The first thing Nathan suggested was to knock out the dividing wall to open everything up, giving Kellie the open-plan living she really wanted, as a keen cook and entertainer. And when the ‘Berlin wall’ finally came down, the transformation was extraordinary: suddenly, there was space and light aplenty. This allowed us to create a lovely open-plan kitchen/ dining/ living area that is perfect for both relaxed entertaining and family enjoyment.

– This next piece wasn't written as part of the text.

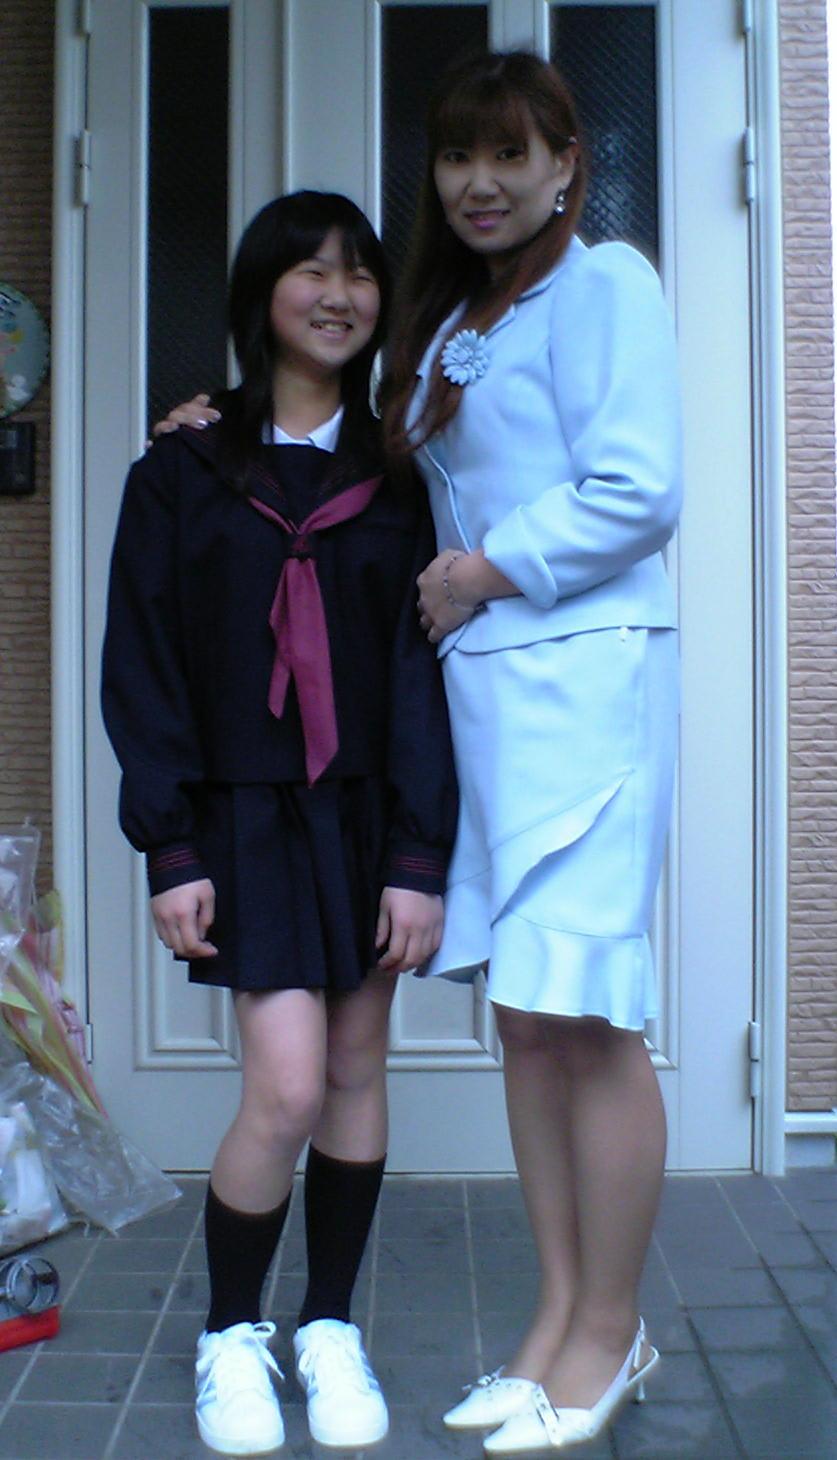 入学式のお母さんエロ画像の画像

To accentuate the length of the room, Nathan used a full-length kitchen counter and a parallel dining table as a centre piece. The kitchen wall is divided into two clever zones with joinery that feels more like furniture. At one end is the food-preparation area with an appliance nook built in to give easy access to frequently used appliances such as the coffee machine, kettle and toaster but hide them when not in use; up the other end is a buffet for display. The simple, clean lines and streamlined design might have been a bit stark if it weren’t for the cool blue cabinetry.
Aesthetics were always going to be important but Nathan would never design a kitchen that didn’t work as well as it looked. So, he’s added some exquisite little touches that really finish this kitchen off whilst making it work brilliantly. For instance, ordinarily, in most kitchens, a pull-out bin is accessed by a single panel door. But here, Nathan created a mock drawer-face with the automated servo-drive bin hidden behind it, so the drawer line is continued seamlessly with a horizontal black shadow line.
All of which just proves that no matter whether you’re designing a brand or a kitchen, the best result will always come from due consideration for both form and function. Which is why Kellie and Scott love their new kitchen and we love what she does for SpaceCraft.